Suggested-by: Thomas Gleixner <tglx@linutronix.de>
Signed-off-by: Jason A. Donenfeld <Jason@zx2c4.com>
Reviewed-by: Thomas Gleixner <tglx@linutronix.de>
Cc: Arnd Bergmann <arnd@arndb.de>
Cc: Theodore Ts'o <tytso@mit.edu>
2022-05-13 23:59:23 +02:00
Jason A. Donenfeld
b0c3e796f2 random: make random_get_entropy() return an unsigned long
Some implementations were returning type `unsigned long`, while others
that fell back to get_cycles() were implicitly returning a `cycles_t` or
an untyped constant int literal. That makes for weird and confusing
code, and basically all code in the kernel already handled it like it
was an `unsigned long`. I recently tried to handle it as the largest
type it could be, a `cycles_t`, but doing so doesn't really help with
much.

Instead let's just make random_get_entropy() return an unsigned long all
the time. This also matches the commonly used `arch_get_random_long()`
function, so now RDRAND and RDTSC return the same sized integer, which
means one can fallback to the other more gracefully.

Cc: Dominik Brodowski <linux@dominikbrodowski.net>
Cc: Theodore Ts'o <tytso@mit.edu>
Acked-by: Thomas Gleixner <tglx@linutronix.de>
Signed-off-by: Jason A. Donenfeld <Jason@zx2c4.com>
2022-04-13 13:58:57 +02:00
Ingo Molnar
4bf07f6562 timekeeping, clocksource: Fix various typos in comments
Fix ~56 single-word typos in timekeeping & clocksource code comments.

Signed-off-by: Ingo Molnar <mingo@kernel.org>
Cc: Thomas Gleixner <tglx@linutronix.de>
Cc: John Stultz <john.stultz@linaro.org>
Cc: Stephen Boyd <sboyd@kernel.org>
Cc: Daniel Lezcano <daniel.lezcano@linaro.org>
Cc: linux-kernel@vger.kernel.org
2021-03-22 23:06:48 +01:00
Thomas Gleixner
c9e6189fb0 ntp: Make the RTC synchronization more reliable
Miroslav reported that the periodic RTC synchronization in the NTP code
fails more often than not to hit the specified update window.

The reason is that the code uses delayed_work to schedule the update which
needs to be in thread context as the underlying RTC might be connected via
a slow bus, e.g. I2C. In the update function it verifies whether the
current time is correct vs. the requirements of the underlying RTC.

But delayed_work is using the timer wheel for scheduling which is
inaccurate by design. Depending on the distance to the expiry the wheel
gets less granular to allow batching and to avoid the cascading of the
original timer wheel. See 500462a9de ("timers: Switch to a non-cascading
wheel") and the code for further details.

The code already deals with this by splitting the 660 seconds period into a
long 659 seconds timer and then retrying with a smaller delta.

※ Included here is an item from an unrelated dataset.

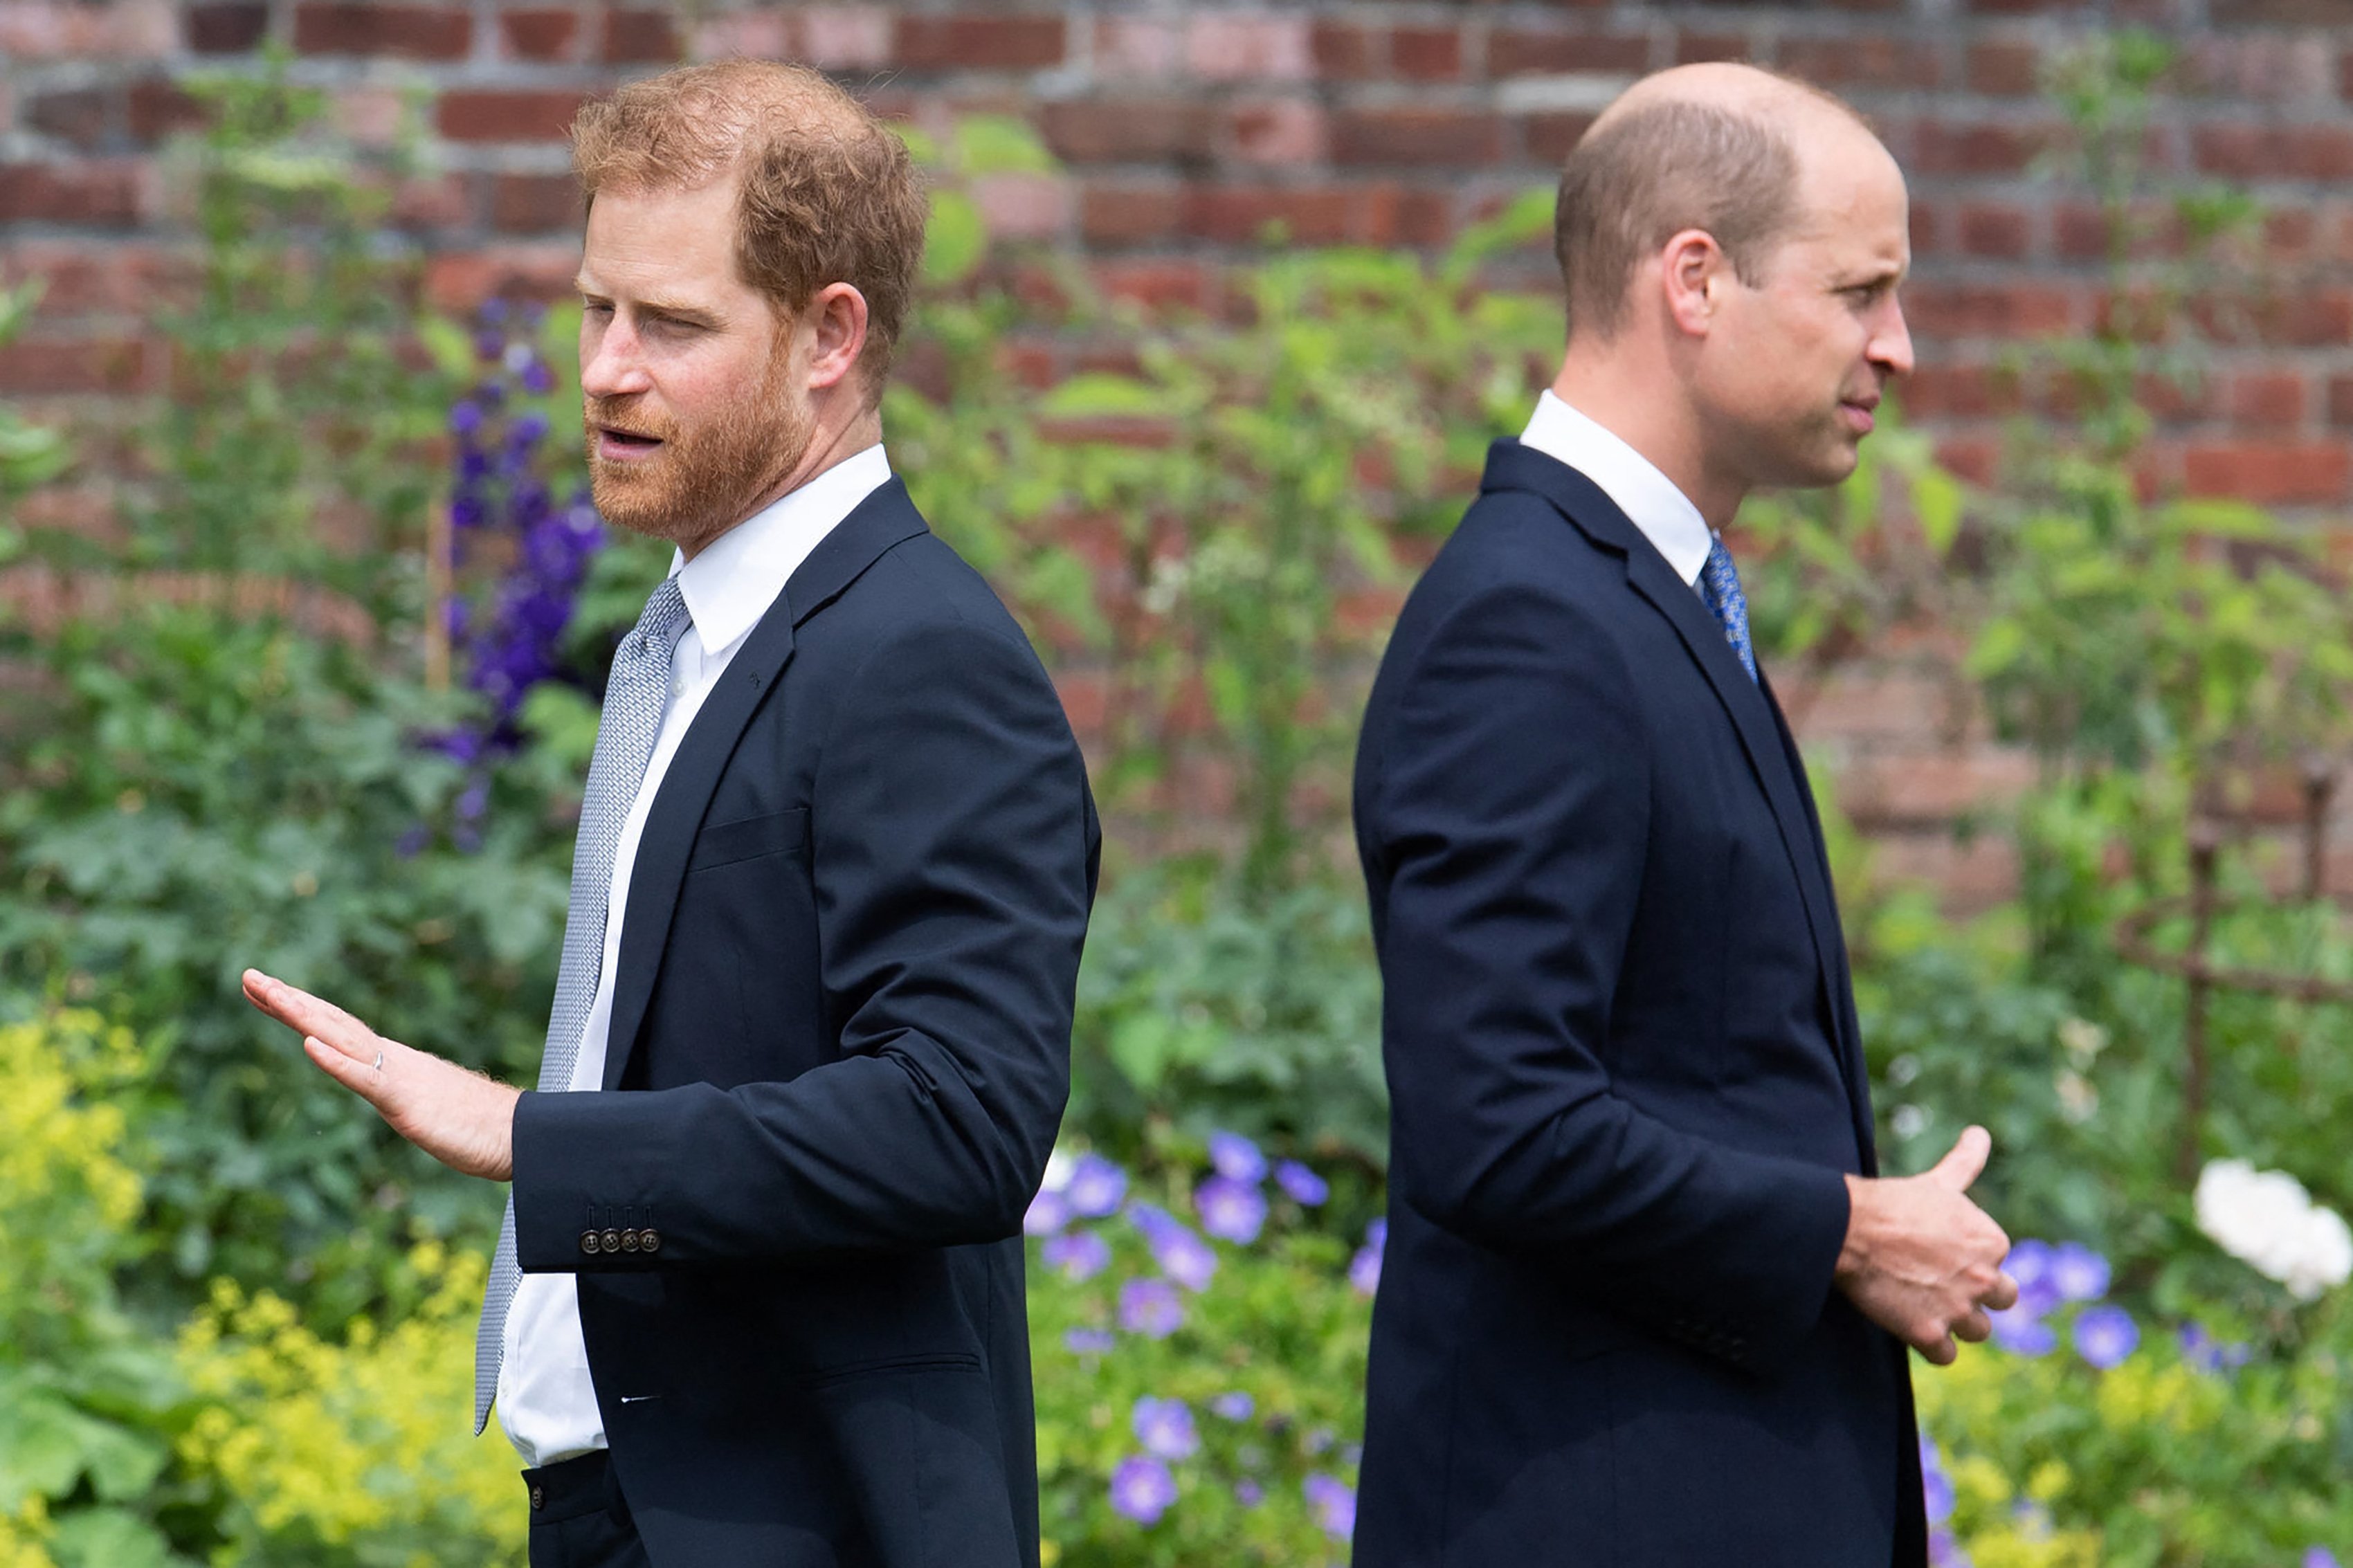 Prince Harry, Duke of Sussex and his brother Prince William, Duke of Cambridge during the unveiling of a statue of their mother, Princess Diana at The Sunken Garden on July 1, 2021 in Kensington Palace, London. / Source: Getty Images

But looking at the actual granularities of the timer wheel (which depend on
the HZ configuration) the 659 seconds timer ends up in an outer wheel level
and is affected by a worst case granularity of:

HZ          Granularity
1000        32s
 250        16s
 100        40s

So the initial timer can be already off by max 12.5% which is not a big
issue as the period of the sync is defined as ~11 minutes.

The fine grained second attempt schedules to the desired update point with
a timer expiring less than a second from now. Depending on the actual delta
and the HZ setting even the second attempt can end up in outer wheel levels
which have a large enough granularity to make the correctness check fail.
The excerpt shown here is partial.